▶ _WHAT THE TASK REQUIRES_:
Quote exactly and only this range of lines in the data below: the line that holds "Lego Lego Lego" to the line that holds "2021 Moto Guzzi V85 TT Travel", both included.

[Records from a data collection]
BEGIN

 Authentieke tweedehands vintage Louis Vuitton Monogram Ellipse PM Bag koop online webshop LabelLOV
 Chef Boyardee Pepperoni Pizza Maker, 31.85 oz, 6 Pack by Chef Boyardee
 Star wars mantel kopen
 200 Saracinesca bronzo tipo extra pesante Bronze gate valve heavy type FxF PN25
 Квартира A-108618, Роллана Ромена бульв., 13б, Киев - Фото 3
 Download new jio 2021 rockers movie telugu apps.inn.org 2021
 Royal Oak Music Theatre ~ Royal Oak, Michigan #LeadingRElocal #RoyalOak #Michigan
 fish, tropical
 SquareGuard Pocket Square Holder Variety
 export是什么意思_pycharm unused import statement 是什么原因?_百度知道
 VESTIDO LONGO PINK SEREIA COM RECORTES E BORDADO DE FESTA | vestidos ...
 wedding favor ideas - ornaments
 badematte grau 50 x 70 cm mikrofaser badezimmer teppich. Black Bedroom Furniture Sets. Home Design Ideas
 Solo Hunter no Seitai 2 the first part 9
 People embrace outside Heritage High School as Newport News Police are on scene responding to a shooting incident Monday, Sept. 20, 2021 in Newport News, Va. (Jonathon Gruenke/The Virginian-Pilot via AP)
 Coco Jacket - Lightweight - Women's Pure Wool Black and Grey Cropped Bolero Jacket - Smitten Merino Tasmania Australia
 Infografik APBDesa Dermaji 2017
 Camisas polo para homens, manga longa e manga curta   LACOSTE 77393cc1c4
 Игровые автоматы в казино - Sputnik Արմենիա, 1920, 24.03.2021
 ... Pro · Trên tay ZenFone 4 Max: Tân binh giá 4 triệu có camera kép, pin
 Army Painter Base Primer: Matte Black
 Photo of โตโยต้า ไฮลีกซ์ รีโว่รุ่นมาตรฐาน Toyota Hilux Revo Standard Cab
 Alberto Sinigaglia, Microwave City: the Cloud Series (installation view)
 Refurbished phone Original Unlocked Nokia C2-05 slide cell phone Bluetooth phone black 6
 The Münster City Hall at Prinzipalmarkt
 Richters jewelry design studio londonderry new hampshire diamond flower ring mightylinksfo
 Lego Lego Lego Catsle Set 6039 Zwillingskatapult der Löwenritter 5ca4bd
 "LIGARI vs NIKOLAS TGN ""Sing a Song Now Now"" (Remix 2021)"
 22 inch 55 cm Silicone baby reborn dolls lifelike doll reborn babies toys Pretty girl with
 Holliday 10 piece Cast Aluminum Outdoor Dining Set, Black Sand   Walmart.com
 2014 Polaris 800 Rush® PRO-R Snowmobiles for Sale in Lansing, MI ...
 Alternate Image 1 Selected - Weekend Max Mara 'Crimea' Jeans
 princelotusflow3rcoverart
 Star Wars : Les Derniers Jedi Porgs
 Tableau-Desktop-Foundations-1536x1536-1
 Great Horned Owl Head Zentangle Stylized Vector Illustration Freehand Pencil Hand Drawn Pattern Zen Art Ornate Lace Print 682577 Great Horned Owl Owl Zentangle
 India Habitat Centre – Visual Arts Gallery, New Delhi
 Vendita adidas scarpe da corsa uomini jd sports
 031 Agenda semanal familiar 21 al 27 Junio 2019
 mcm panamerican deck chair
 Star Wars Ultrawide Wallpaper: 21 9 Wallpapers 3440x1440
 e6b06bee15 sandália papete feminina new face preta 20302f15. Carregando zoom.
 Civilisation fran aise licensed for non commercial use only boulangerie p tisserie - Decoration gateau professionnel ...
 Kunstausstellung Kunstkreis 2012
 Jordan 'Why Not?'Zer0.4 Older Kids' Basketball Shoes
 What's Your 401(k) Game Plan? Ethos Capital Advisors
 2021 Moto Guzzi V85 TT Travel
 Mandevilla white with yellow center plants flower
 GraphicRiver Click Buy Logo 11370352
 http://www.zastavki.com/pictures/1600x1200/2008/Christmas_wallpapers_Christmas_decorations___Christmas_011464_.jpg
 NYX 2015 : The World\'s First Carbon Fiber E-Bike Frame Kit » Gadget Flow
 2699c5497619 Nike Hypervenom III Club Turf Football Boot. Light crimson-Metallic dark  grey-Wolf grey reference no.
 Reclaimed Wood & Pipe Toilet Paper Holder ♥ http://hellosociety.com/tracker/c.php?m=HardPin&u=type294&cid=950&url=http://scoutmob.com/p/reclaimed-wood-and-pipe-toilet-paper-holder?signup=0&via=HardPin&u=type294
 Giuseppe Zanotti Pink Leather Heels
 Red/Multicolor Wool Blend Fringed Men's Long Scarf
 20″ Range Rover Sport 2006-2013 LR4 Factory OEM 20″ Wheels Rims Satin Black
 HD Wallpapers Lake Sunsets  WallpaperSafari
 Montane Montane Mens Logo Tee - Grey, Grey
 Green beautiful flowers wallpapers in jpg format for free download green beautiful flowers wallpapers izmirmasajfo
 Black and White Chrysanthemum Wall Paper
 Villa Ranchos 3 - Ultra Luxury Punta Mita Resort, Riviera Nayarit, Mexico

END

▶ _ANSWER TO THE EXERCISE_:
 Lego Lego Lego Catsle Set 6039 Zwillingskatapult der Löwenritter 5ca4bd
 "LIGARI vs NIKOLAS TGN ""Sing a Song Now Now"" (Remix 2021)"
 22 inch 55 cm Silicone baby reborn dolls lifelike doll reborn babies toys Pretty girl with
 Holliday 10 piece Cast Aluminum Outdoor Dining Set, Black Sand   Walmart.com
 2014 Polaris 800 Rush® PRO-R Snowmobiles for Sale in Lansing, MI ...
 Alternate Image 1 Selected - Weekend Max Mara 'Crimea' Jeans
 princelotusflow3rcoverart
 Star Wars : Les Derniers Jedi Porgs
 Tableau-Desktop-Foundations-1536x1536-1
 Great Horned Owl Head Zentangle Stylized Vector Illustration Freehand Pencil Hand Drawn Pattern Zen Art Ornate Lace Print 682577 Great Horned Owl Owl Zentangle
 India Habitat Centre – Visual Arts Gallery, New Delhi
 Vendita adidas scarpe da corsa uomini jd sports
 031 Agenda semanal familiar 21 al 27 Junio 2019
 mcm panamerican deck chair
 Star Wars Ultrawide Wallpaper: 21 9 Wallpapers 3440x1440
 e6b06bee15 sandália papete feminina new face preta 20302f15. Carregando zoom.
 Civilisation fran aise licensed for non commercial use only boulangerie p tisserie - Decoration gateau professionnel ...
 Kunstausstellung Kunstkreis 2012
 Jordan 'Why Not?'Zer0.4 Older Kids' Basketball Shoes
 What's Your 401(k) Game Plan? Ethos Capital Advisors
 2021 Moto Guzzi V85 TT Travel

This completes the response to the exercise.